While we do not know how large some giants might have been, anyone over eight feet is considered a giant today.  Og’s bead was over thirteen feet long and six wide, or about the size of two full sized beds side by side.  His size might intimidate ordinary people, but it was no protection against God’s power.  Og was the last descendant of a family of giants who had lived in the region.

“And this land, which we possessed at that time, from Aroer, which is by the river Arnon, and half mount Gilead, and the cities thereof, gave I unto the Reubenites and to the Gadites.  And the rest of Gilead, and all Bashan, being the kingdom of Og, gave I unto the half tribe of Manasseh; all the region of Argob, with all Bashan, which was called the land of giants.  Jair the son of Manasseh took all the country of Argob unto the coasts of Geshuri and Maachathi; and called them after his own name, Bashanhavothjair, unto this day.  And I gave Gilead unto Machir. 

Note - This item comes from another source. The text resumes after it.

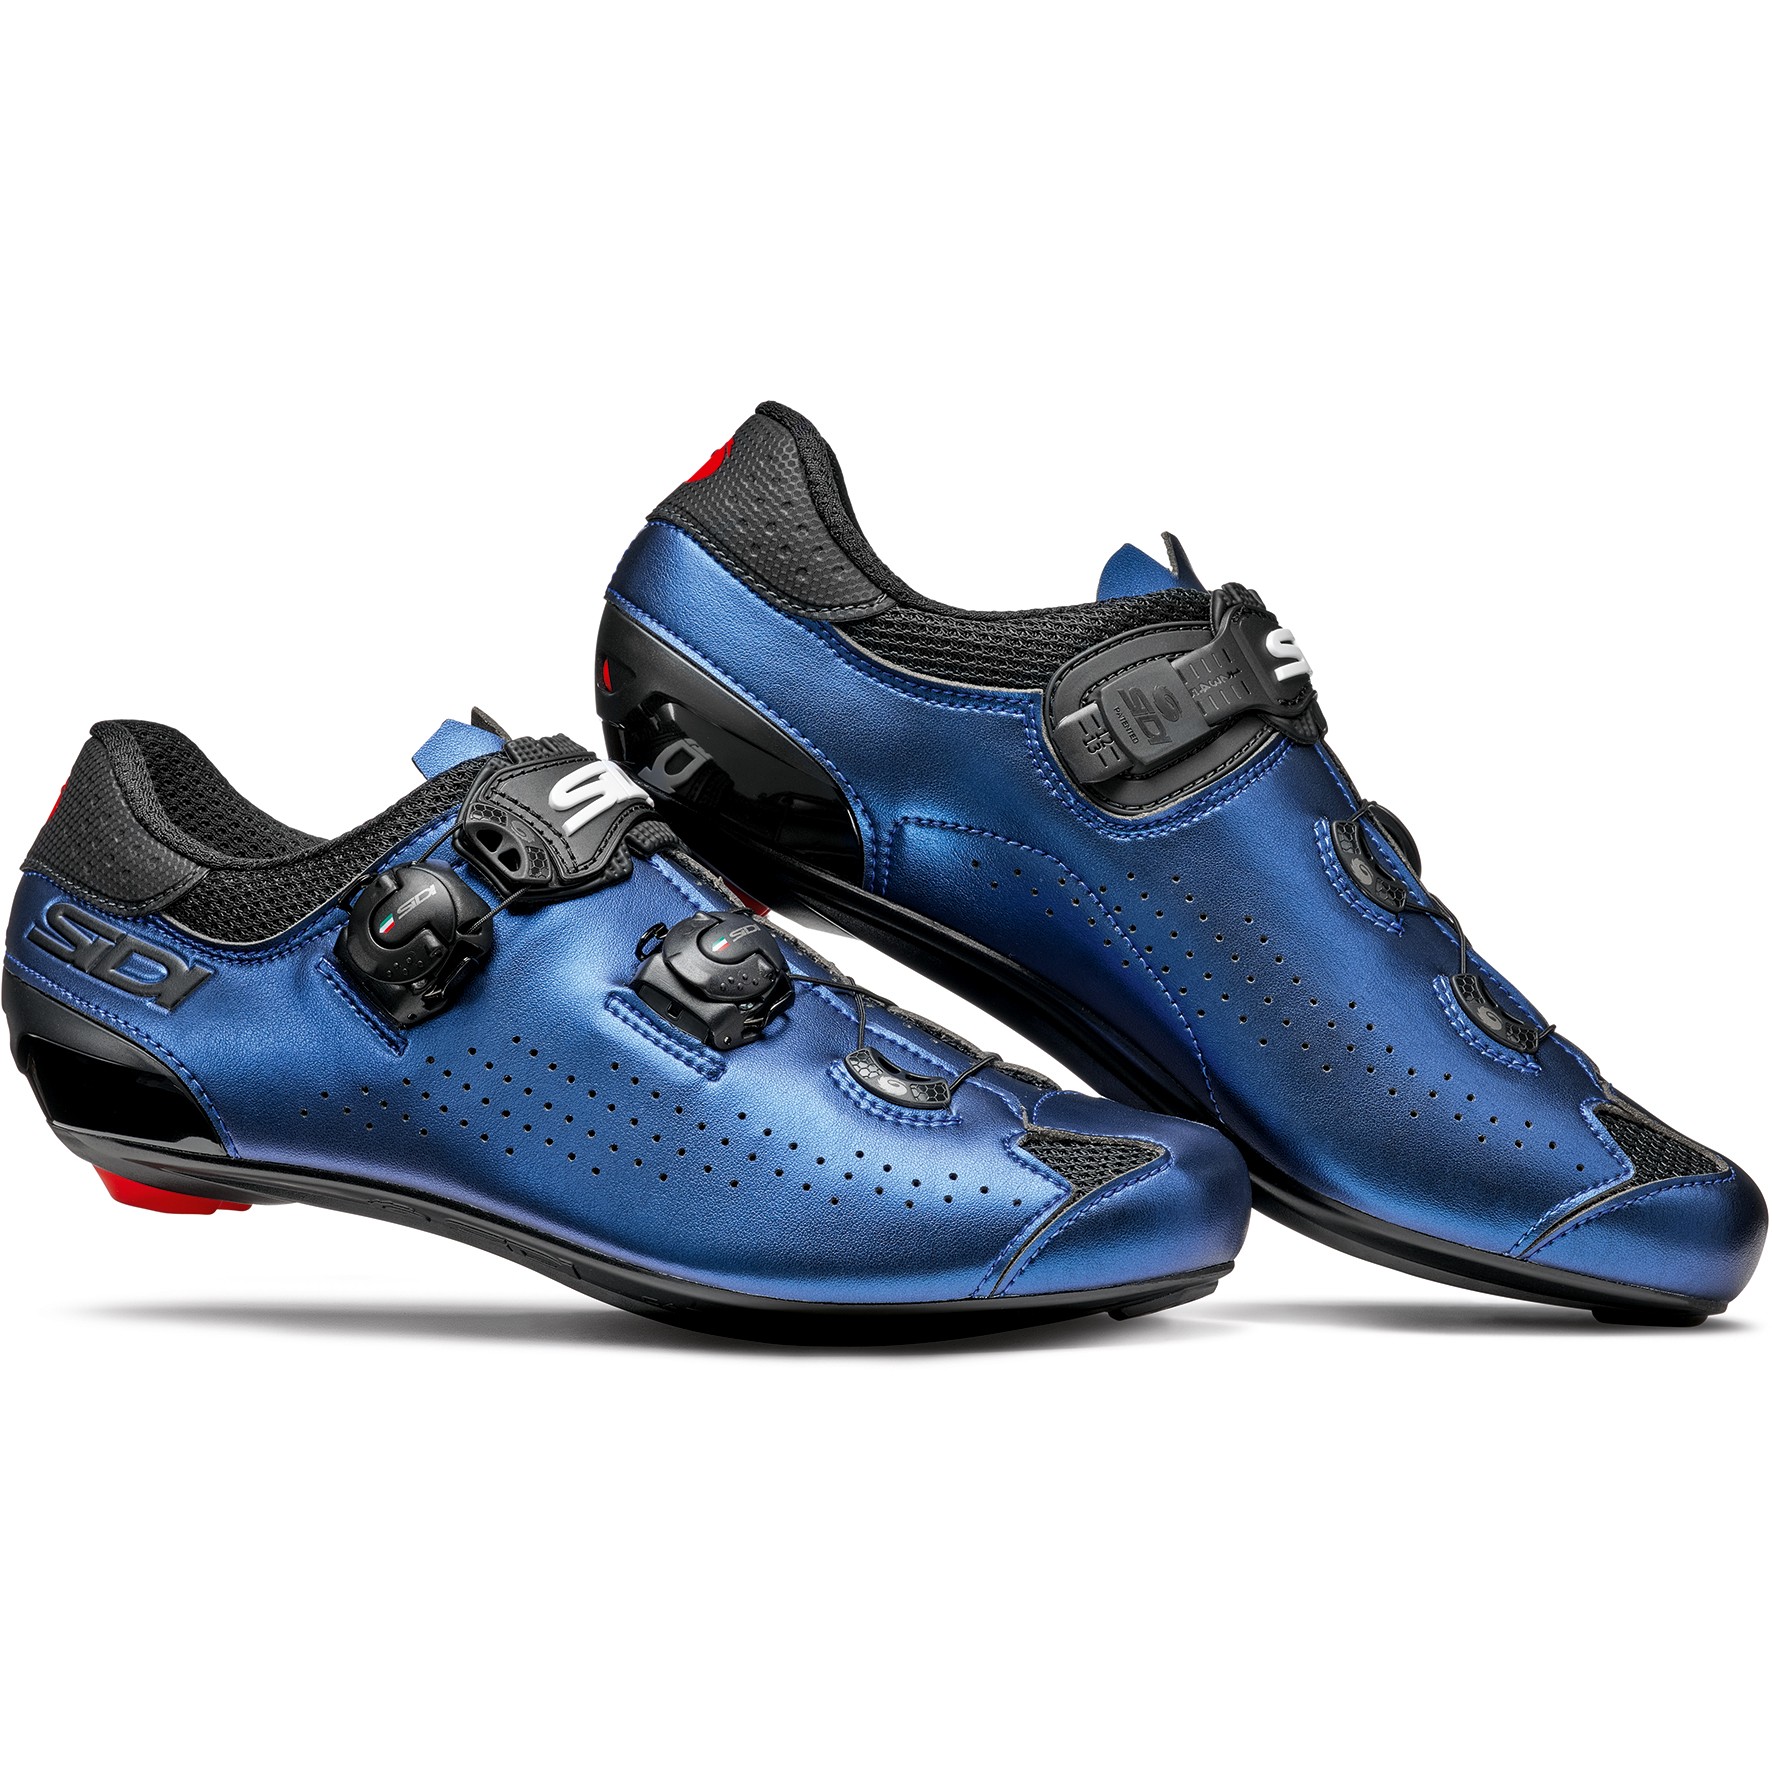 Picture of Sidi Genius 10 Road Shoes - iridescent blue

And unto the Reubenites and unto the Gadites I gave from Gilead even unto the river Arnon half the valley, and the border even unto the river Jabbok, which is the border of the children of Ammon; The plain also, and Jordan, and the coast thereof, from Chinnereth even unto the sea of the plain, even the salt sea, under Ashdothpisgah eastward.” (Deuteronomy 3:12-17)

The land taken from the Sihon and Og, and given to the tribes of Reuben and Gad, and half the tribe of Manasseh reached from the border of Moab, where the river Arnon feeds into the Dead Sea north to the sea of Galilee, and from the Jordan river East to the capital of present day Jordan, Amman, or Ammon.